Com inflação em dois dígitos há 10 meses, o Brasil voltou aos tempos dos laboratórios de maquiagem de produtos e outras "soluções" para a alta de preços que marcaram as décadas de 1980 e 1990, antes que o Plano Real realinhasse a perda de valor da moeda.
Na tentativa de manter alguns produtos ao alcance das famílias mais atingidas pela perda de renda, fabricantes encolhem volume ou tamanho, no exercício de "reduflação" (expressão que circula nos supermercados) ou oferecem "similares", como caixinhas de soro de leite, espécie de "fakeflação" (termo impreciso que a coluna pede licença para usar na falta de outro melhor).

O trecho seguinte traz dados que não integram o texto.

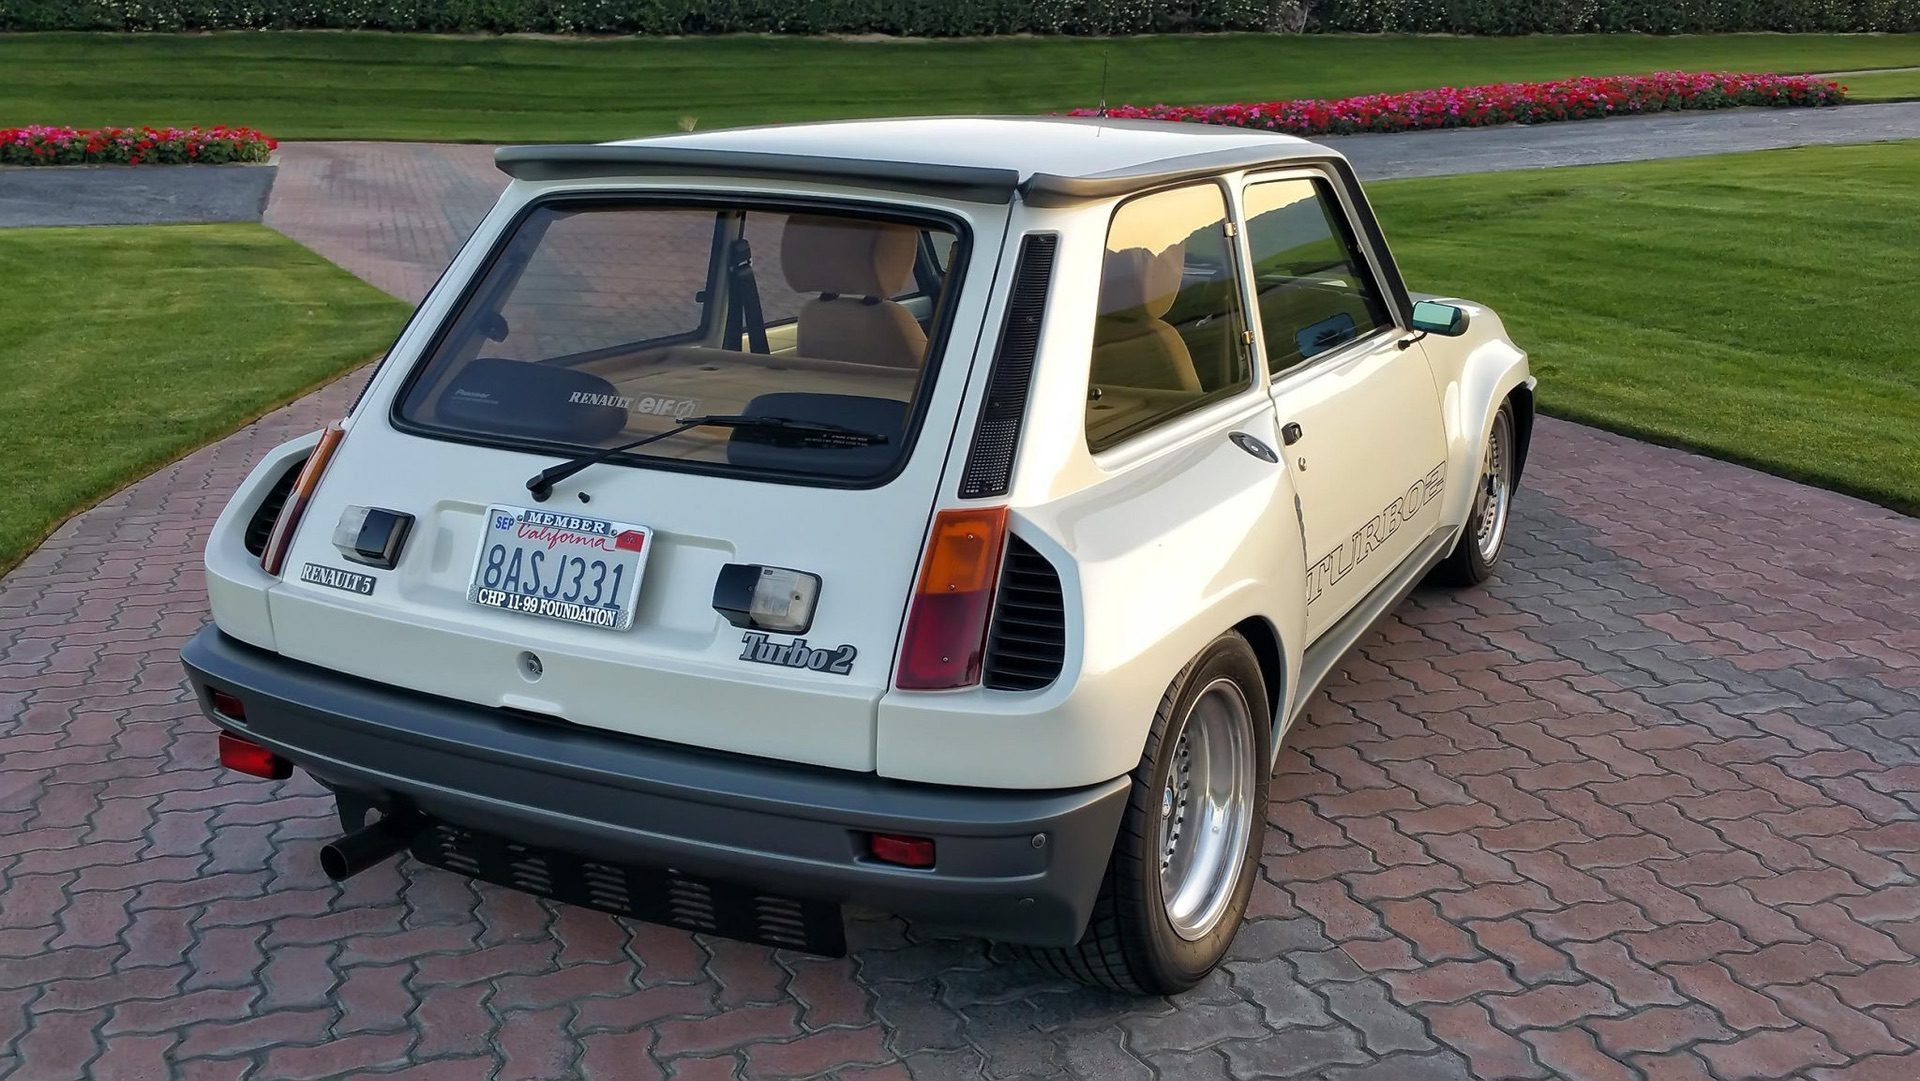 1985_Renault_R5_Turbo_2_rotary-0030

Não por acaso, os casos mais recentes de "fakeflação" envolvem derivados de leite, que subiu 10,72% só de junho para julho e acumula alta de 41,7% desde janeiro., conforme dados do IPCA do IBGE, considerado o índice oficial de inflação.
A venda de soro de leite (subproduto da fabricação de queijo que costumava ser destinado como resíduo industrial) em caixas semelhantes às do leite longa vida está sob investigação no Procon de São Paulo (clique aqui para ver a notificação). Mas também surgiram uma "mistura láctea condensada com leite, soro de leite e amido" em letras pequenas ao lado do leite condensado e o mais recente "similar": "mistura alimentícia com queijo ralado".
Embora possam ser vistas como alternativas, embora quase desesperadas, de manter alguma proteína na dieta do brasileiro, esses similares precisam ser claramente identificados para não induzir o consumidor a erro. Se sempre foi importante examinar as embalagens antes da compra, agora é preciso ter cuidado redobrado.
O Brasil sempre foi berço de produtos "tropicalizados", não só pelo clima e pela inflação, mas também pelo chamado Custo Brasil. A elevada e complexa carga tributária ajudou a criar uma legião de produtos "tipo" seu original mais elaborado vendido no Exterior. A adaptação ao bolso nacional começa nos carros e chega a produtos tão prosaicos quanto materiais de instalação elétrica, por exemplo. Mas agora, quando a inflação sobe no mundo todo e ainda mais por aqui (veja comparação abaixo, com dados atualizados até junho), "similar nacional" ganhou outro significado.
Quebrados ou em guerra
Líbano: 211%
Sudão: 192%
Zimbábue: 192%
O pelotão do Brasil
Rússia: 15,9%
Brasil: 11,89%
Espanha: 10,2%
Os ricos
Estados Unidos: 9,1%
Reino Unido: 9,1%
Holanda: 8,6%
Os latino-americanos
Venezuela: 167%
Argentina: 64%
Suriname: 59,8%
Fonte: Trading Economics, com checagens da coluna por amostragem
Os principais índices de inflação
IGPs: Índices Gerais de Preços, calculados pela Fundação Getulio Vargas. Têm três variações, IGP-M, IGP-DI e IGP-10, com diferença apenas no período de apuração. Cada um é composto por três componentes: Índice de Preços no Atacado (IPA), com peso de 60%, Índice de Preços ao Consumidor (IPC), com peso de 30%, e Índice Nacional do Custo da Construção (INCC), com peso de 10%.
IPCA: Índice de Preços ao Consumidor Ampliado, calculado pelo IBGE, é considerado oficial porque serve de referência para o Banco Central calibrar o juro básico. Mede variação de preços de produtos e serviços consumidos por famílias com renda entre um e 40 salários mínimos.
INPC: Índice Nacional de Preços ao Consumidor, também do IBGE, mede avariação nos preços de produtos e serviços consumidos por famílias com renda entre um e oito salários mínimos. É a referência para negociações de reajustes salariais.
IPCs: Índices de Preços ao Consumidor calculados pela FGV, tem quatro variações, entre as quais a mais conhecida é o IPC-S.